Wednesday, July 28, 2010

Busy w/ Summer

We have had such a GREAT summer, although we haven't stopped.

-Trip to the beach- CHECK
-Trip to Holiday World- CHECK
-Trips to the pool- CHECK
-Trips to the lake- CHECK

Of course, my BIG plans of deep cleaning my house room by room has fallen by the wayside. But we have spent some GREAT family time together and even got to spend the last 4 days with our ENTIRE extended (except for one SIL) and nuclear family together at the lake house. That hasn't happened in years! It was great FUN! And one of the highlights of the summer was my sister and I reuniting with some cousins we haven't seen in 30 years. Thanks Facebook!

Now work is right around the corner rearing it's ugly head...BUT, if you know me. I am READY to get back into routine. I am ready for cooler weather and FOOTBALL!
My sister and I with our cousins in MN

Lake fun w/ Family in KY

Sweet Cousins


My nephew Sam

My beautiful SIL Sara and Zachy

Fishing with Uncle Matt and Cousin Nathan

Hanging at the lake house

Monday, July 12, 2010

Adoption Struggles from BOTH Ends

It's so hard to know what to say, what to do...from beginning (home study, Dear BM letter) to end - post placement - even years later.

I have always sent Zachary's birth parents letters and pictures. I think I have sent 3 or 4 in the last few years, including several pics via cell phone to Kevan, his Birth Father.

They recently moved and I (being stupid) misplaced their address. So I just sent Kevan a text asking him to please send me their address once more. He responded and told me that Jenny didn't want anymore letters or pictures. She was in too much pain still. :( My heart sank for her. I wish she was here and she could see him and hold him and kiss him. I wish she could see what a wonderful soul he is and how selfless her decision was. and how wonderfully happy he is. I just so badly want to be able to take her pain away. That will never happen. I know that. But it genuinely makes my so sad. I don't want anyone to hurt, let alone the mother of my baby who she lovingly placed in my arms.
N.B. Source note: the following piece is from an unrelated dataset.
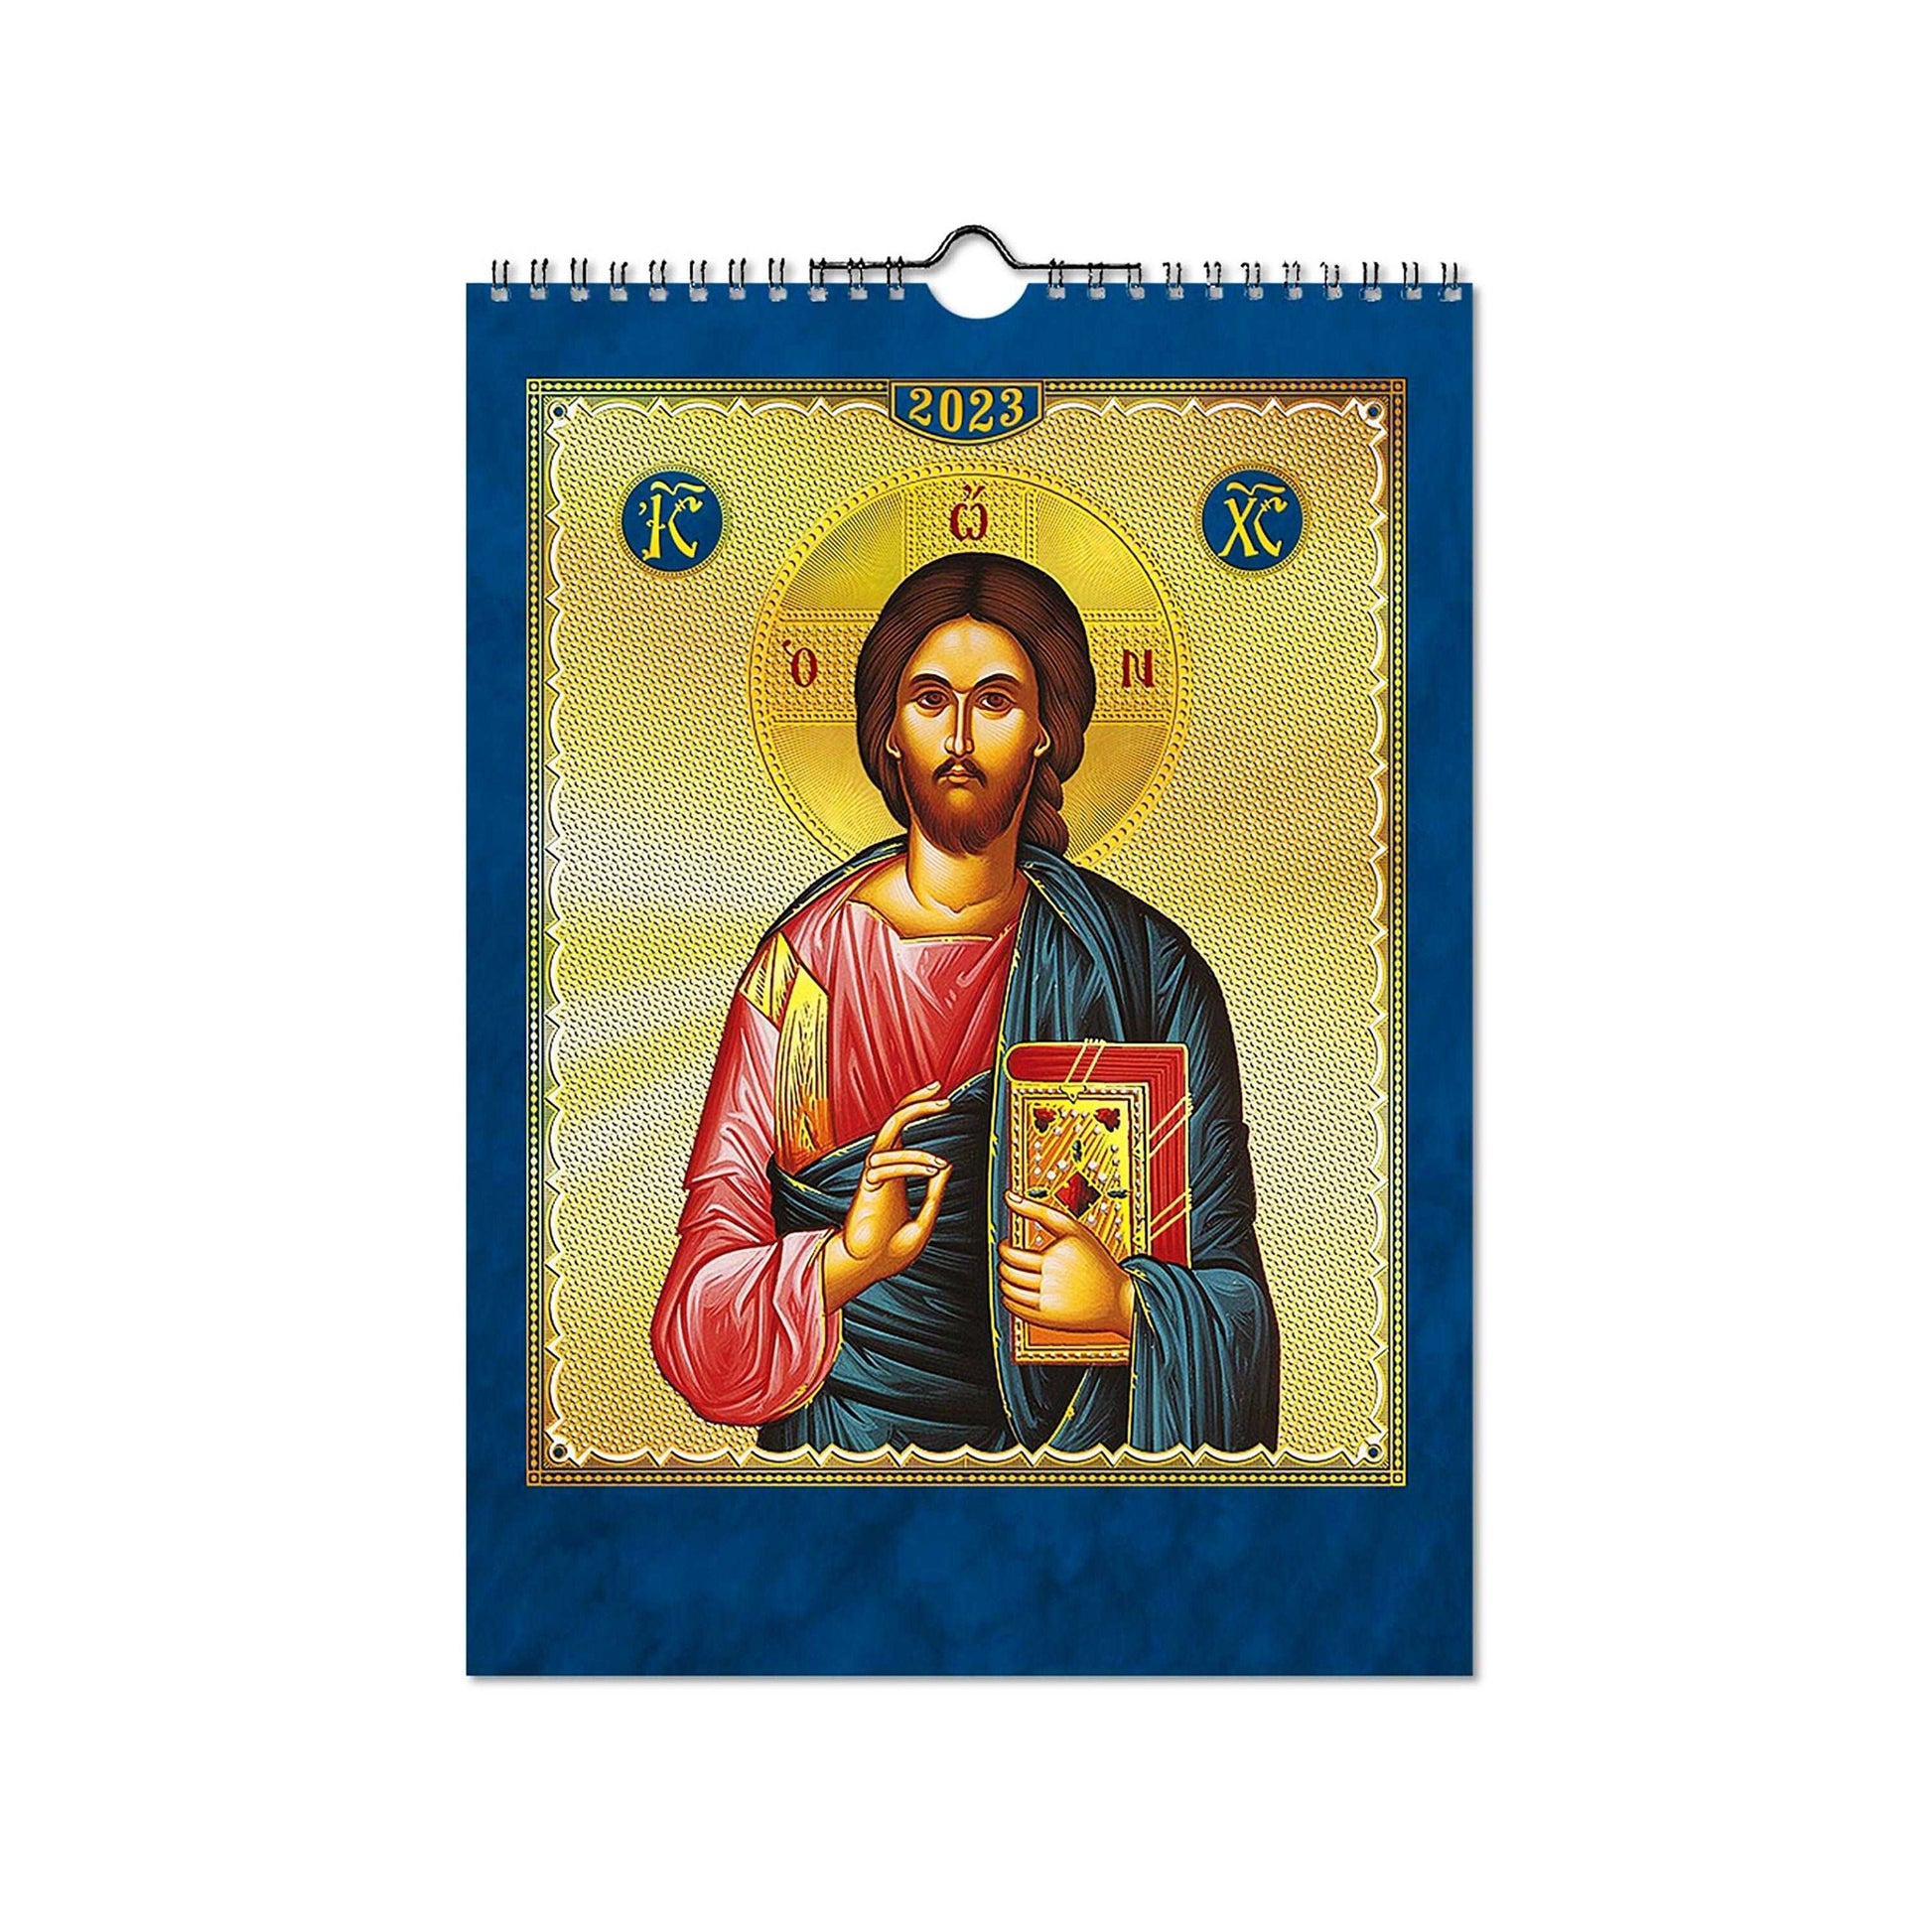 2023 30-day Wall Calendar Jesus Christ, Saints Feast days Apolytikio Orthodox Greek Calendar Embossed Gold print religious gift wall decor TheHolyArt

I read lots of adoption books and also BM and AP's blogs. I try to see every perspective and try to accept all of the hurt feelings and anguish that occurs along the adoption journey for everyone. I wish I would have seen this coming. It tears me up to know that I have been sending pictures and letters that only made it harder for her. On the flip side, I so BADLY want this communication and relationship for Zachary.

I assured Kevan that we are always here, and in THEIR time we would love to hear from them. I promised the communication line would always be open - as long as it takes. I put the ball back in their court - even though it pains me to do so.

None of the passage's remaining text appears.